In two parts, NPR's City Project examines Austin's premier mixed-use urban village built on the 700-acre site of the former Robert Mueller Municipal Airport which relocated in 1999. Part 2 is about racial tensions that have surfaced in the community.
"Mueller is an award-winning master planned and designed community, [built] in accordance with new urbanist principles," according to its website. And it has won a lot of awards, from protected bike lanes to sustainability to landscape architecture.
Construction began in Austin's "new urbanist enclave," as John Burnett, NPR's southwest correspondent, refers to it, in 2007. In Part 1, and archived in NPR Cities Project, Burnett does an excellent job of describing the design of the mixed-income, mixed-use community.
"But what happens when one of Austin's most progressive, welcoming neighborhoods experiences racial incidents involving some of its own African-American residents who don't feel so welcome?" he asks.
Burnett describes several incidents that showed that residents were suspicious of the presence of African Americans in the community, who turned out to be residents. The close-knit community, helped by the physical design of the community itself, recognized there was a problem and acted.
Taken together, the incidents convinced some Mueller residents that they needed to open a frank dialogue about race in their community. Two neighborhood meetings have followed. NPR was invited to the latest one, in early December.
"By and large, there was a collective sense of both outrage, shock and honest, sincere sadness," says James Nortey, 28, a black attorney in Austin and president of the Mueller Neighborhood Association.
A broader issue is the state of race relations in the state's capital, Austin, population 885,400. "A University of Texas report on U.S. Census data reveals that Austin is the only large, fast-growing city in America with a declining black population," writes Burnett.
From 2000 to 2010, Austin's general population jumped 20 percent, but the number of African-Americans shrank by 5 percent. Among the reasons given in the study: high property taxes, bad relations with police and disparities in public schools.

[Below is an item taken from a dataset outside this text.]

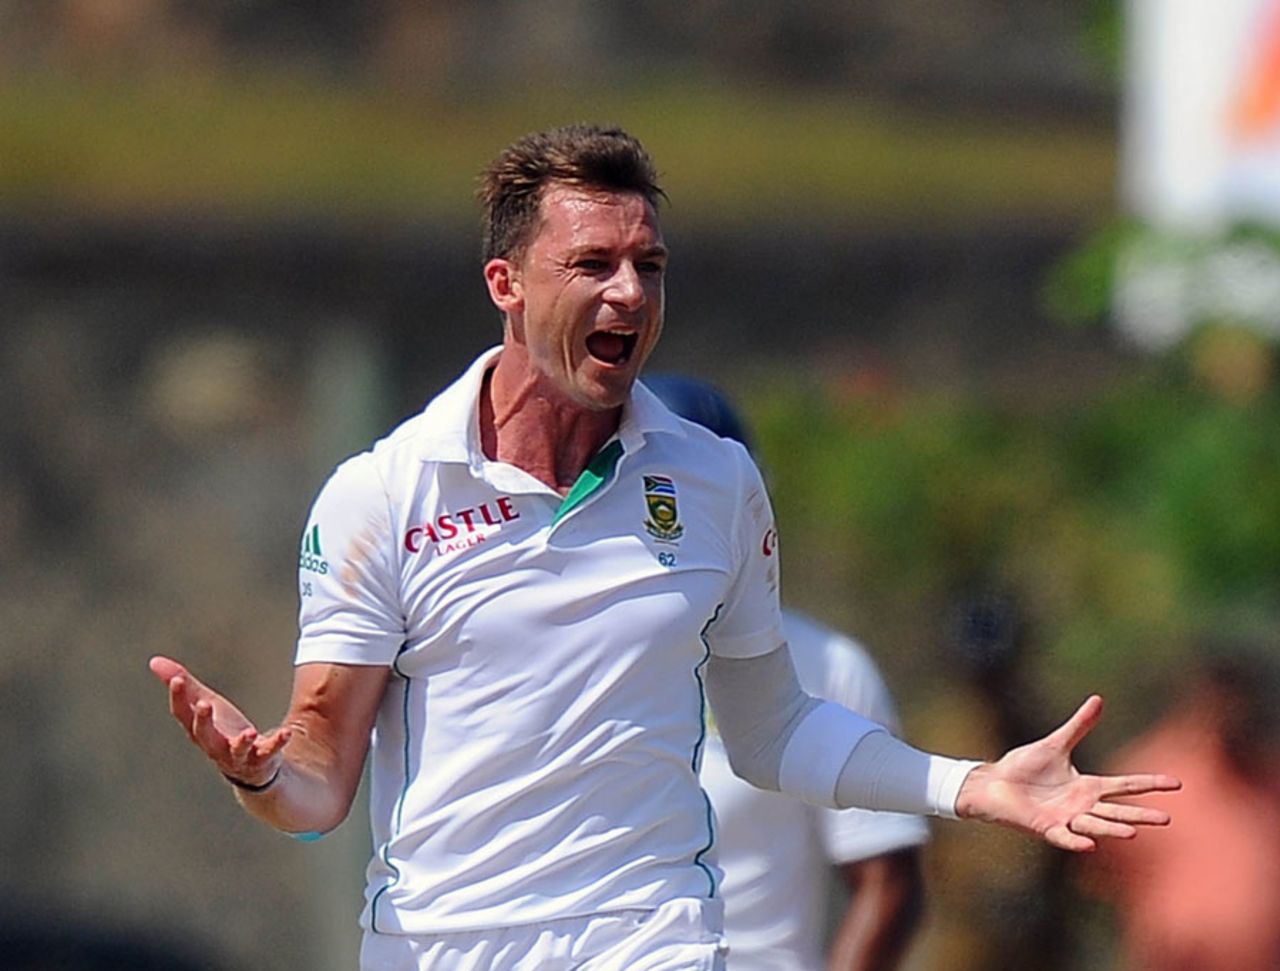 Dale Steyn celebrates after dismissing Kaushal Silva, Sri Lanka v South Africa, 1st Test, Galle, 5th day, July 20, 2014
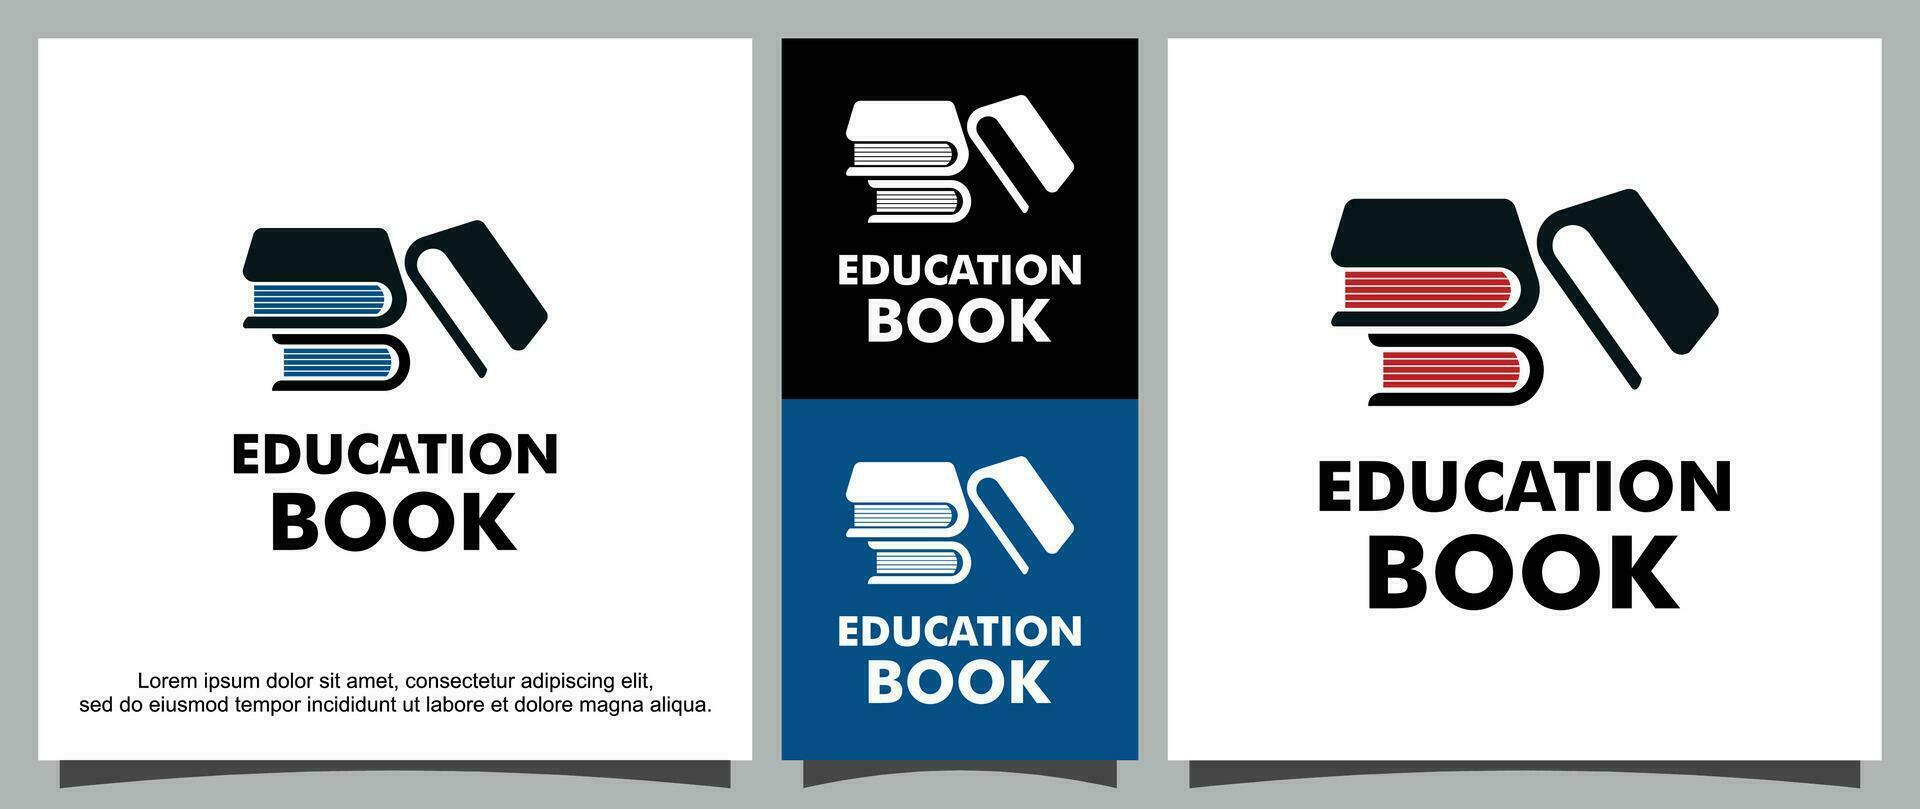 libros para educación logo modelo vector

That's not to say that Austin is not completely lacking in racially diversity. Although Austin-Round Rock was rated #30 by the US2010 Project at Brown University, according to The Wall Street Journal (and posted here in Sept., 2012), the Hispanic share of its population was 31.4 percent.
Burnett ends his piece on an optimistic note. Referencing the racial strife that has erupted due after the Ferguson, Mo., shooting last August and the resulting calls for a national dialog on race, he writes that in Mueller, "that conversation is already quietly taking place."